##### SUPPLIED DATA #####
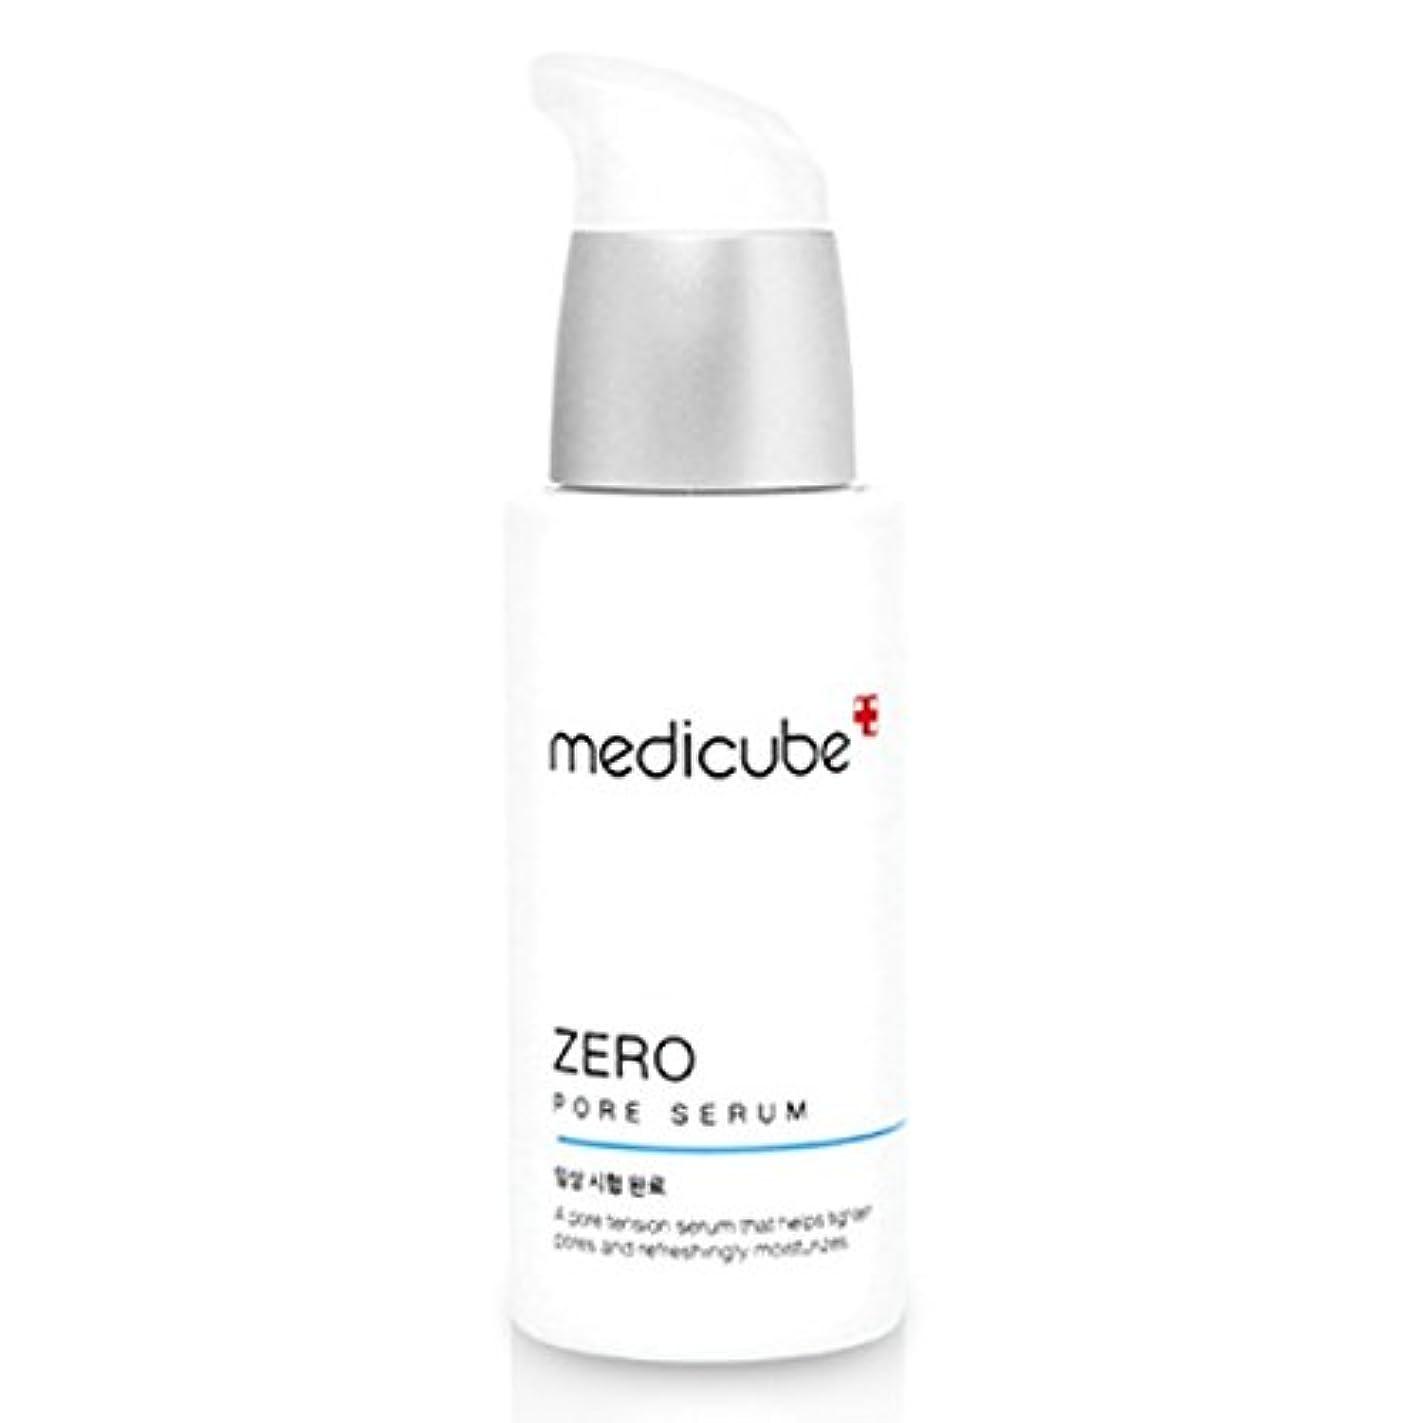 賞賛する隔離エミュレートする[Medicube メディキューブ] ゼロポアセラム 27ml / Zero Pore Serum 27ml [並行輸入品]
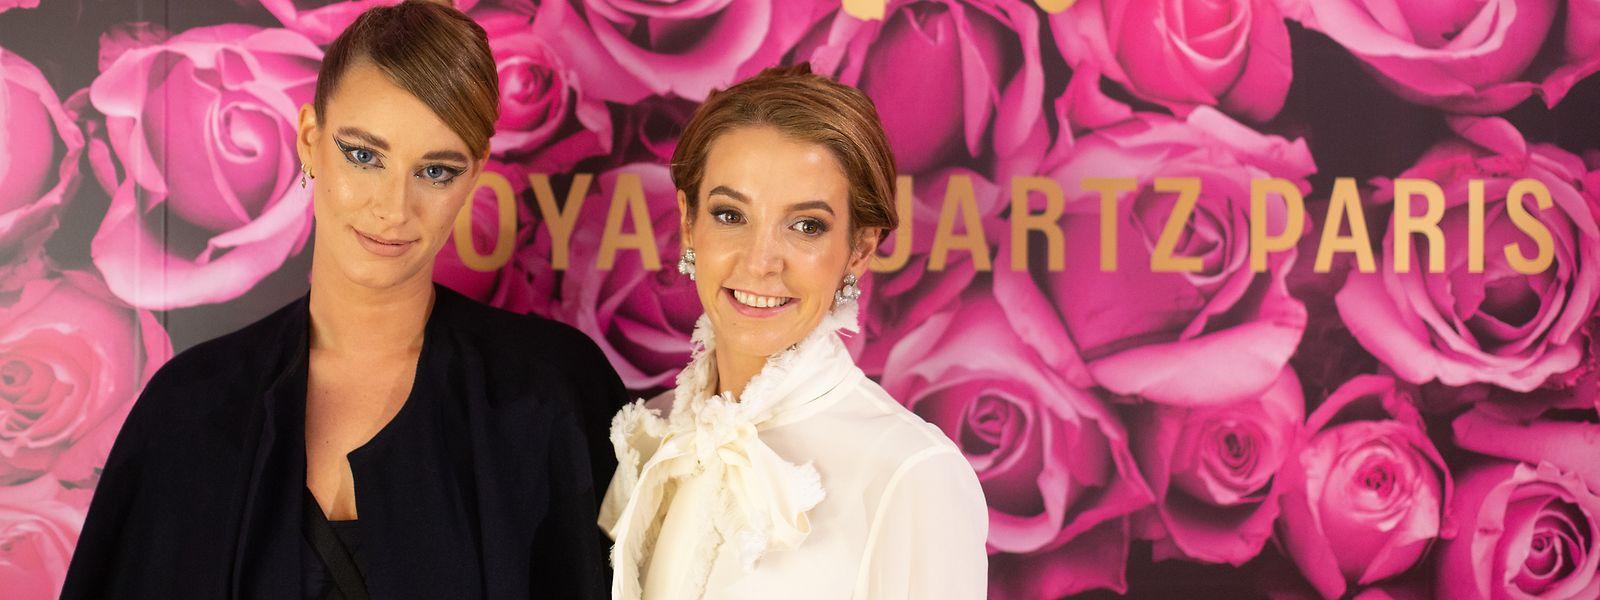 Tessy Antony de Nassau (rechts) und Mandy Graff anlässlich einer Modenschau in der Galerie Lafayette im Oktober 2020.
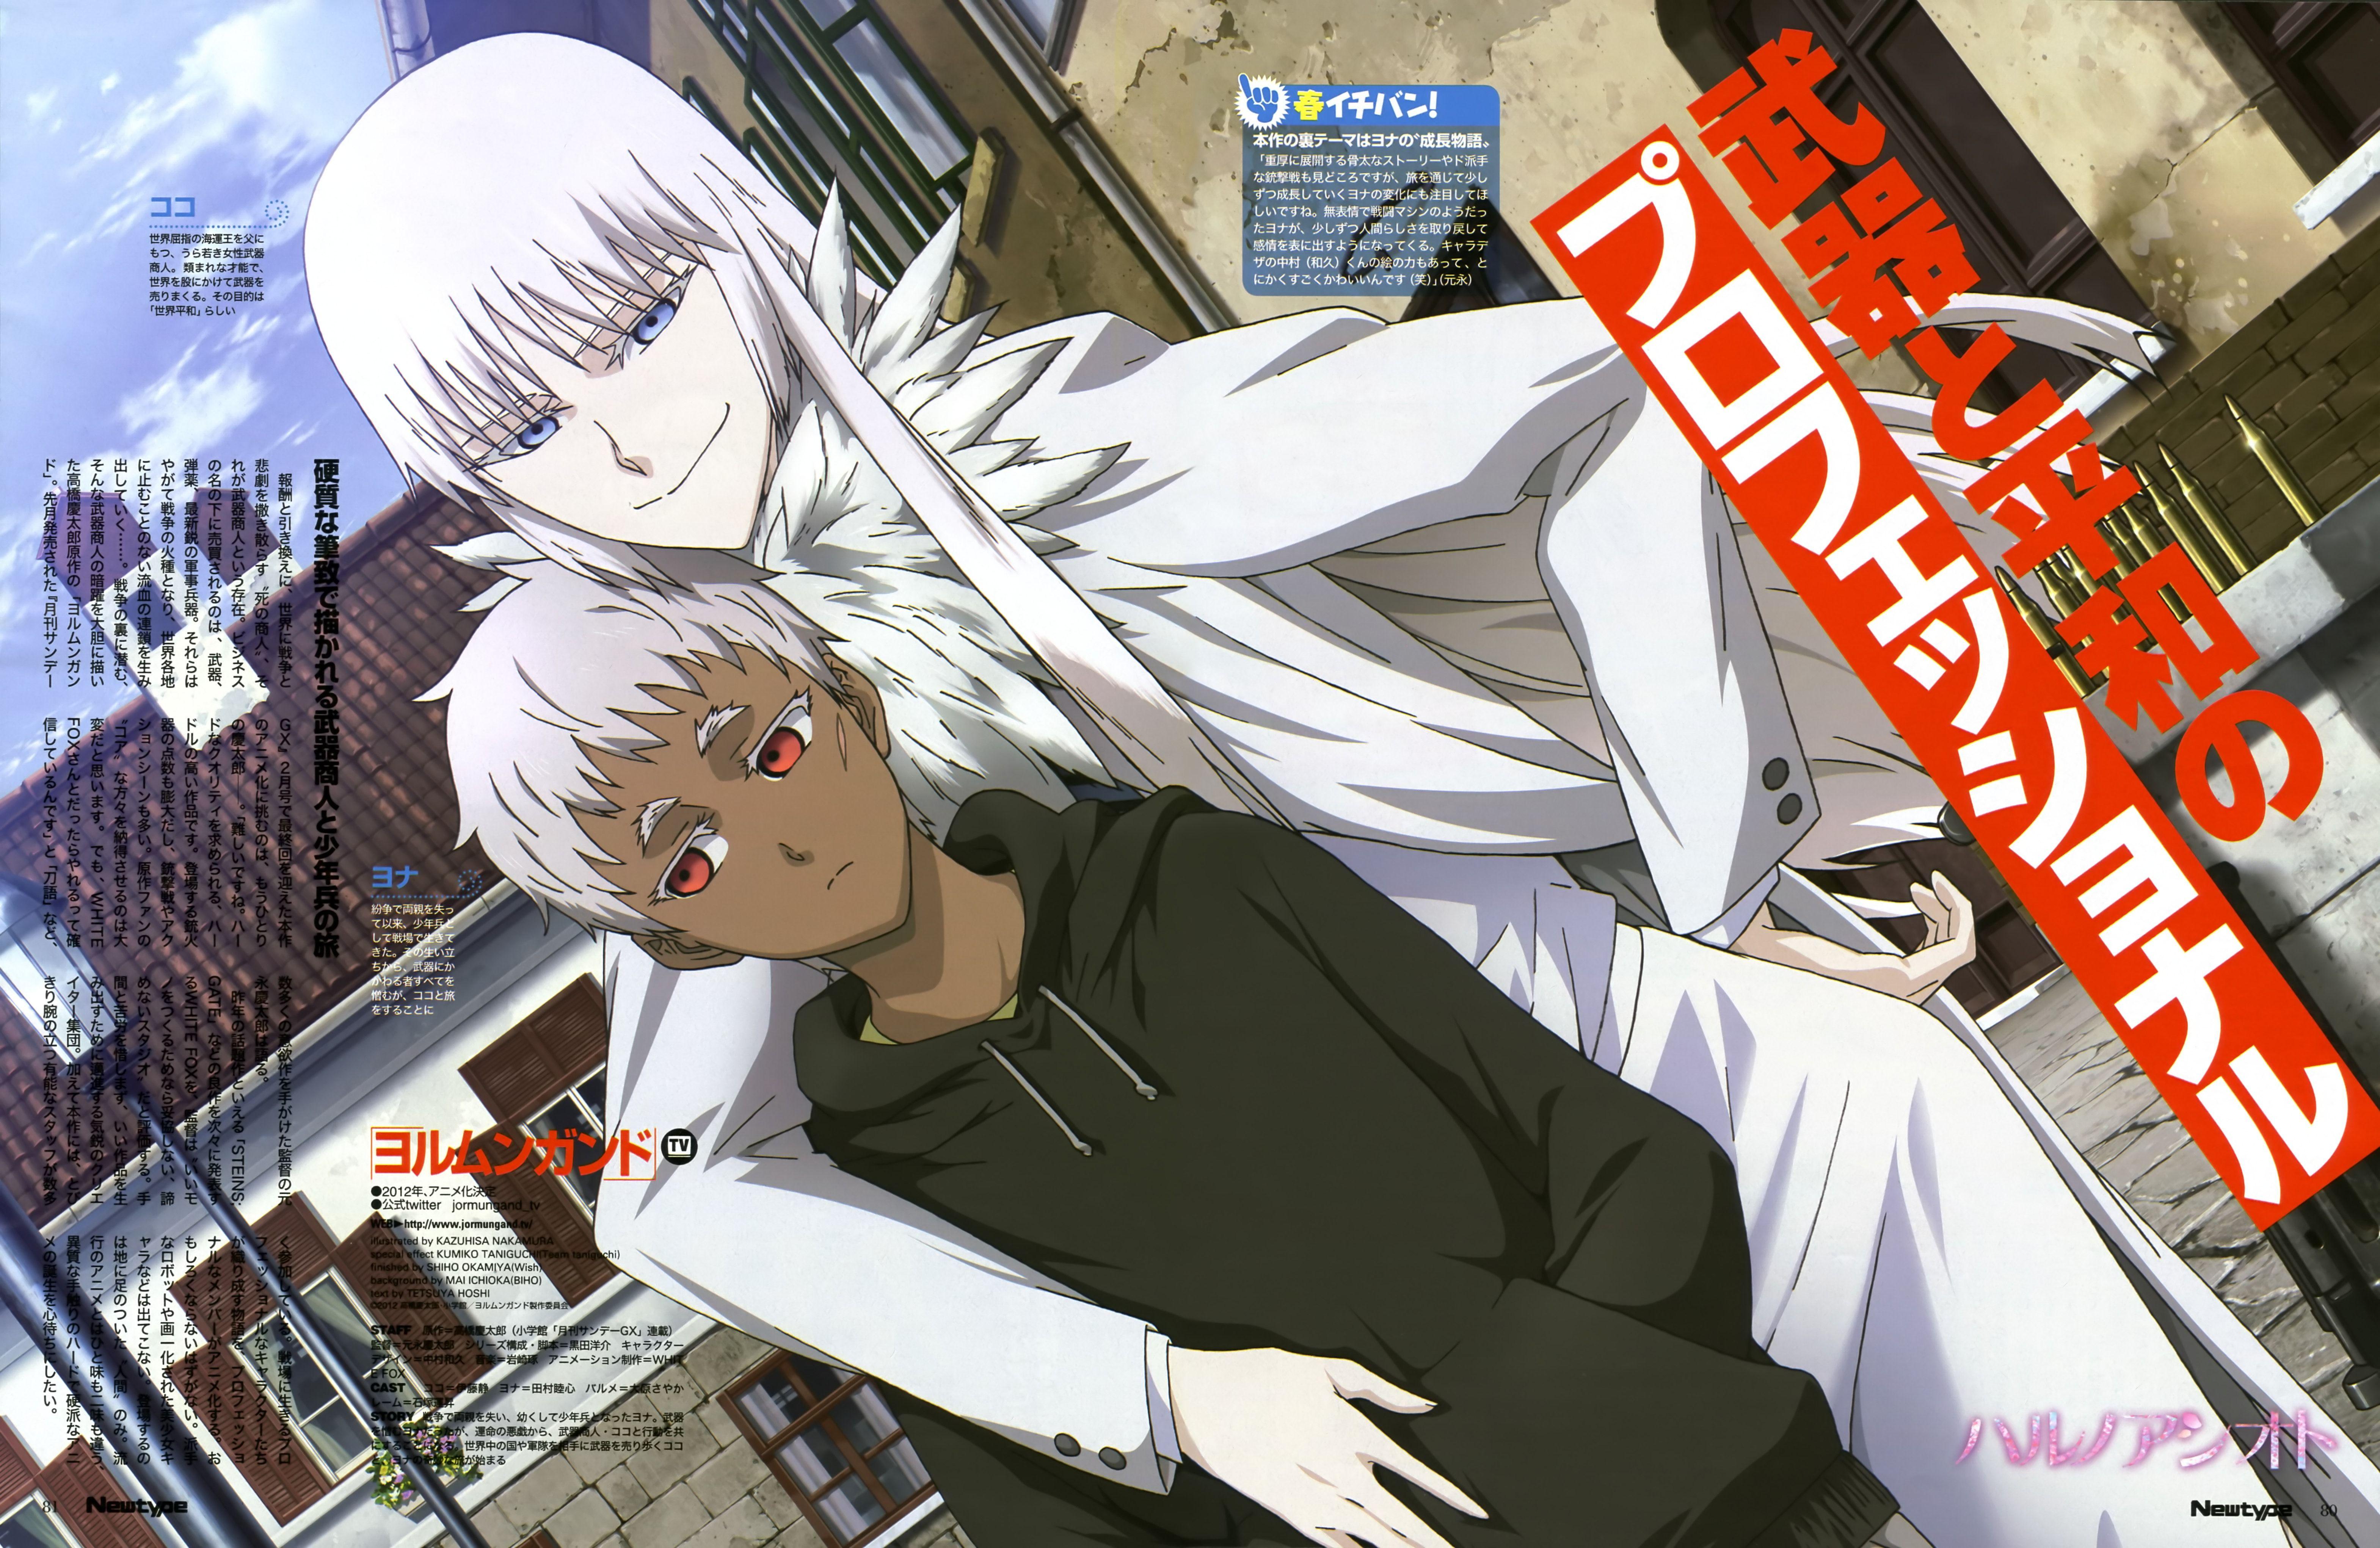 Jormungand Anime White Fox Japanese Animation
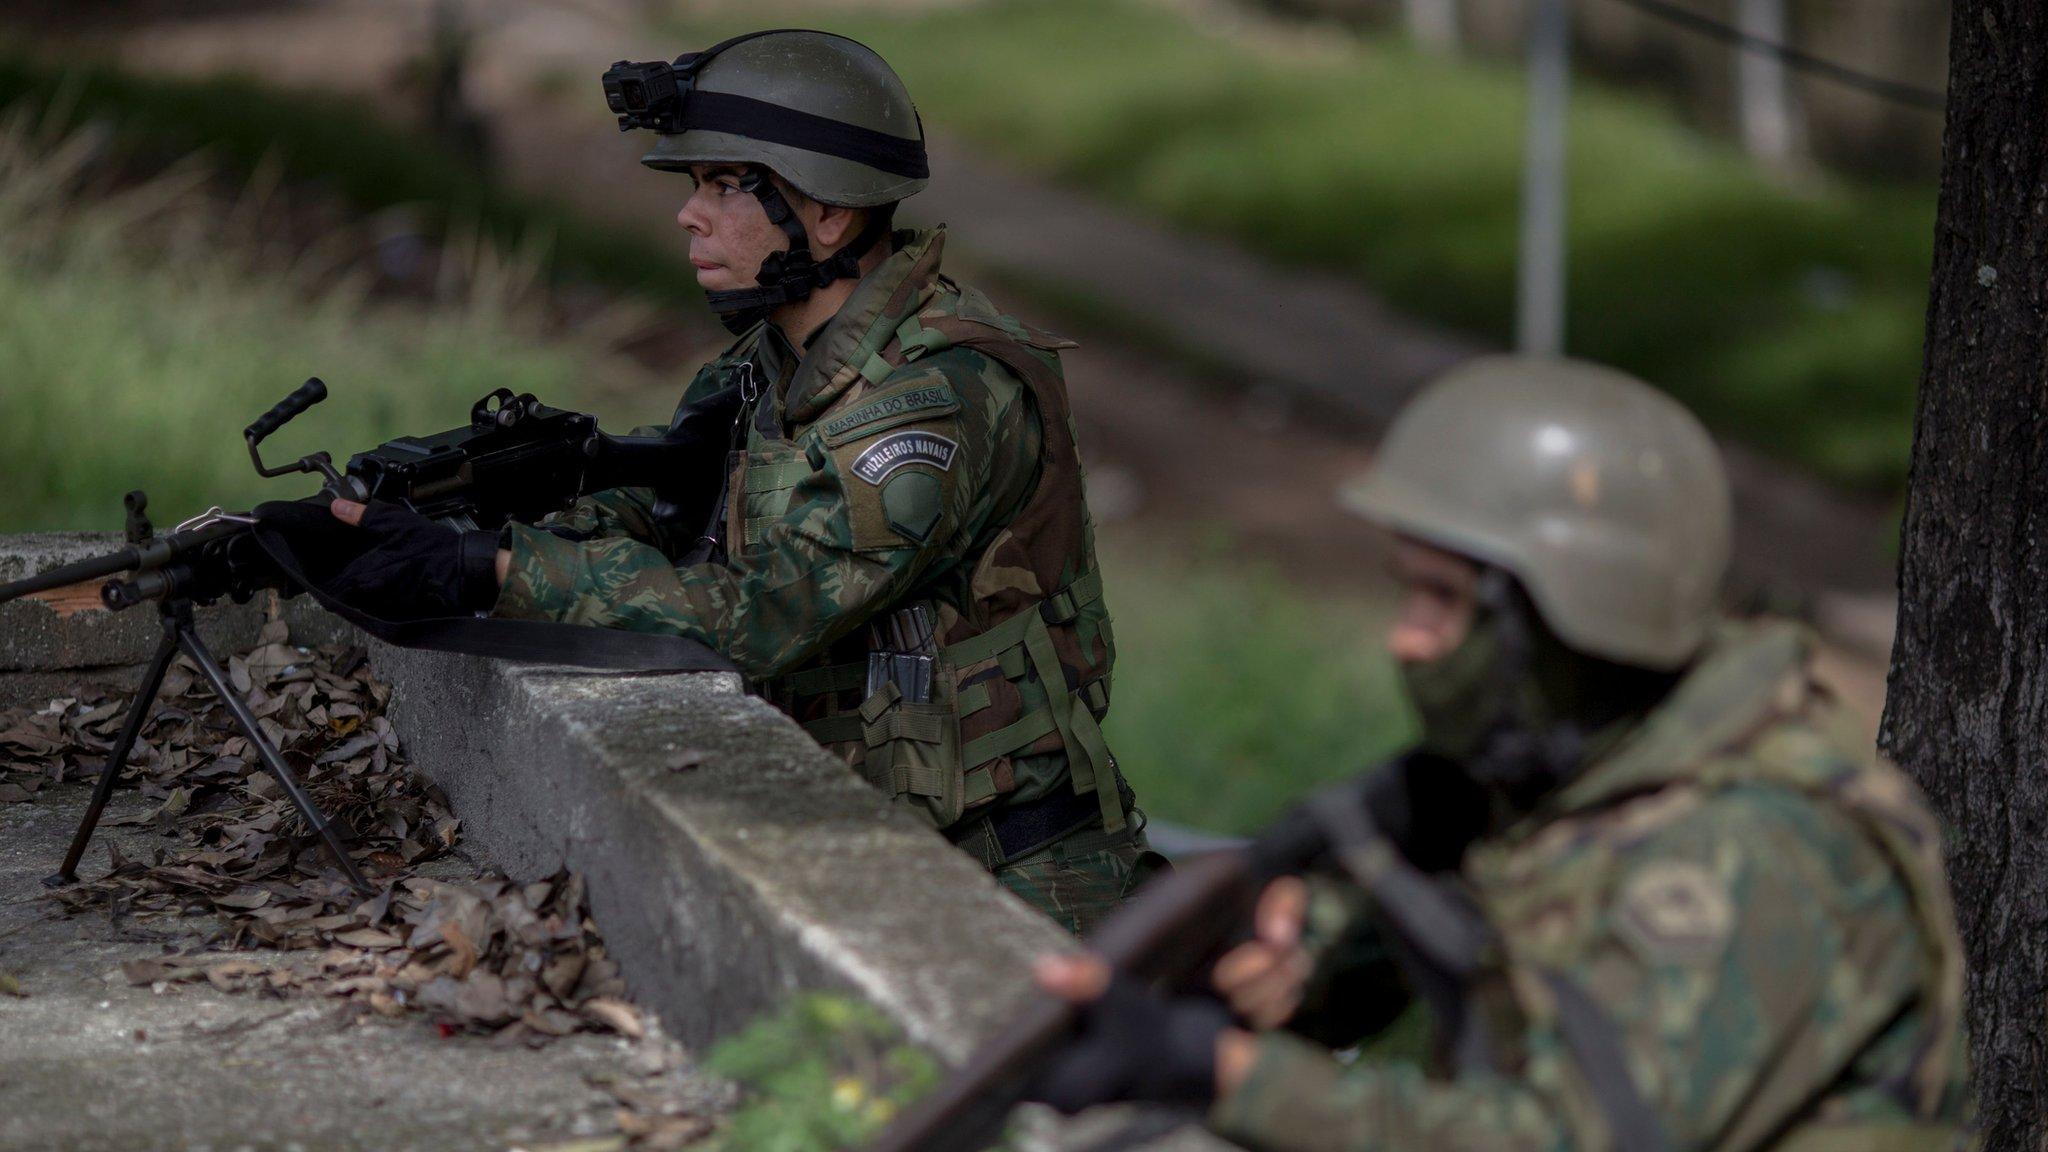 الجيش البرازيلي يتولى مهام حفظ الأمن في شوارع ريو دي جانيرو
#####
GOAL OF THE EXERCISE =>
With the pictures removed, return the listing above in its exact original wording.

ANSWER =>
 賞賛する隔離エミュレートする[Medicube メディキューブ] ゼロポアセラム 27ml / Zero Pore Serum 27ml [並行輸入品]
 Tessy Antony de Nassau (rechts) und Mandy Graff anlässlich einer Modenschau in der Galerie Lafayette im Oktober 2020.
 Jormungand Anime White Fox Japanese Animation
 الجيش البرازيلي يتولى مهام حفظ الأمن في شوارع ريو دي جانيرو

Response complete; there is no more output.